İstanbul'da Ebû Eyyüb el-Ensarî, İzmir'de Mus'ab

İstanbul'da Ebû Eyyüb el-Ensarî, İzmir'de Mus'ab

İzmir Mus'ab B. Ümeyr ile coştu

Risale Haber - Haber Merkezi

82 İl 82 Sahabî projesinin 29. programı İzmir'de, büyük bir coşku ve heyecan ile yapıldı. "Zor İşlerin Adamı: Mus'ab b. Ümeyr" başlığında, Hz. Mus'ab'ın anlatıldığı programa çevre il ve ilçelerden de yoğun bir katılım olduğu gözlendi. Dokuz Eylül Üniversitesi İlahiyat Fakültesi Konferans Salonunu erken saatlerde dolduran izleyiciler, programı büyük bir dikkat ile takip ettiler.

NEDEN İZMİR'DE MUS'AB?

İHH İzmir Şubesi'nin ev sahipliliğini yaptığı programa Kur'an'ı Kerim tilaveti ile başlandı. Daha sonra selamla konuşması için dernek başkanı Rasim Çağlar söz aldı. Projenin önemine değinen Çağlar, Siyer Araştırmaları Merkezi'ni kutlayarak, bu güzel organizasyonu İzmir'de yapmanın mutluluğunu yaşadığını söyledi. Daha sonra kürsüye Muhammed Emin Yıldırım Hoca davet edildi. Neden İzmir'de Hz. Mus'ab'ın anlatılacağına dikkat çekerek sözlerine başlayan Yıldırım, şöyle dedi: "Ne zaman İzmir'de İslami hizmetlerden bahis açılsa, kardeşlerimiz coğrafyanın zorluğunu dile getirir, İzmir'in zor bir yer olduğunu söylerler. Zor yerde, nasıl hizmet edilir? bu sorunun cevabını bulmak için burada Mus'ab denilecektir. Birde İzmir şehir olarak İstanbul'un kardeşi sayılır. İstanbul'un manevi fatihi Ebû Eyyüb el-Ensari'dir. Ebû Eyyüb'ün muhacir kardeşi ise Mus'ab'tır. İstedik ki, bu kardeşlik muhacir-ensar şeklinde devam etsin, İstanbul'da Ebû Eyyüb el-Ensarî densin, İzmir'de de kardeşi Mus'ab denilsin."

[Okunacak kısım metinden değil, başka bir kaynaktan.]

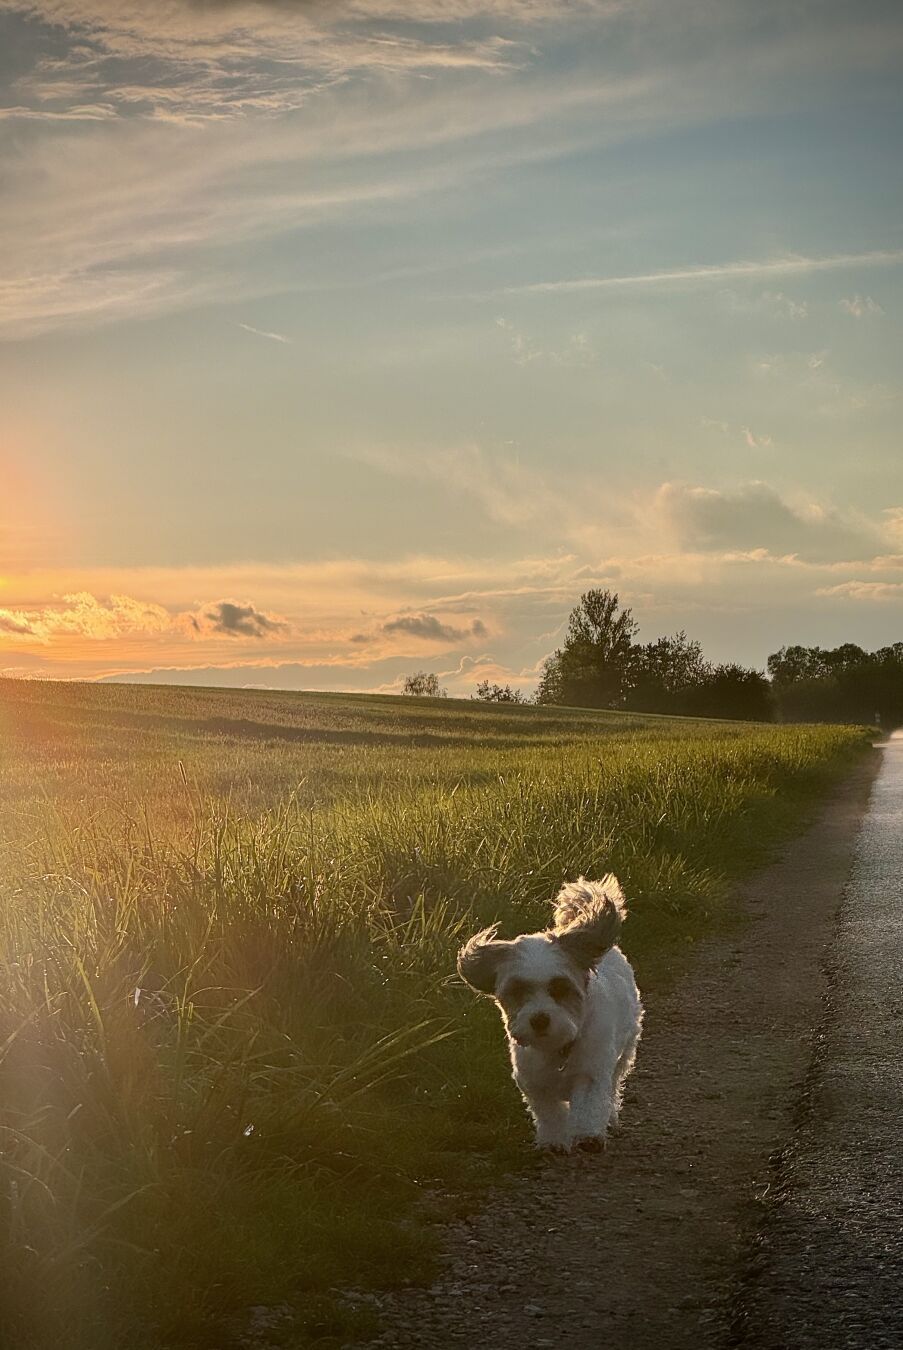 Sunset or: sunpet 😀

#photography #dogsofpixelfed

 FEDAKÂRLIĞIN ZİRVE İSMİ MUS'AB

Konuşmasına, Hz. Mus'ab'ın hayatının çeşitli sayfalarını anlatarak devam eden Yıldırım, "onun çok zengin ve rahat bir hayat içerisinde yaşarken İslam'la tanıştığını, imanını muhafaza içinde her şeyini hiç umursamadan feda ettiğini" anlattı.  Annesinin tehditlerine nasıl karşılık verdiğini, imtihanların en zorlu hallerini yaşamasına rağmen bir an olsun istikametini bozmadığını söyledi.

YAŞADIĞIN YERİ HABEŞİSTAN OLARAK MI YOKSA YESRİB OLARAK MI GÖRÜYORSUN?

Mus'ab b. Ümeyr'in daimi bir muhacir olduğunu söyleyen Yıldırım, onun kısa hayatına tam dört hicret sığdırdığına dikkat çekti. İki kez Habeşistan'a hicret ettiğini söyleyen Yıldırım, şöyle bir soru sordu? "Neden Hz. Mus'ab Yesrib'de gösterdiği başarıyı Habeşistan'da gösteremedi?" Bu soruya çeşitli açılardan cevap veren Yıldırım şöyle dedi: "Efendimiz (sav) Mus’ab ve diğerlerini Habeşistan’a gönderirken amaç şu idi: 'Gidin ve orada kendinizi muhafaza edin. Kendinize sahip çıkın. Benden de haber bekleyin; gelin dediğimde dönüp gelin.' Giden o kafilenin hepsinin kulakları Mekke’den gelecek bir haberdeydi. Zaten çok değil 3 ay sonra yanlış bir haber duymuş ve hemen dönmüşlerdi. Ama Efendimiz (sav) Mus’ab’ı Yesrib’e gönderirken; temel amaç Yesrib’i Medine kılmak, yani Yesrib’i Darü’l-İslam yapmaktı. Mus’ab, Habeşistan'a dönmek üzere giderken, Yesrib’e dönmek üzere değil, ölmek üzere gidiyordu. Mekke’den haber duyup geri dönme hesapları değil, Yesrib’i Medine kılıp onları davet etme hesapları yapıyordu. Böyle olduğu içinde 15 kişi ile Habeşistan’da yapamadığı işleri tek başına Yesrib’de yapıyordu."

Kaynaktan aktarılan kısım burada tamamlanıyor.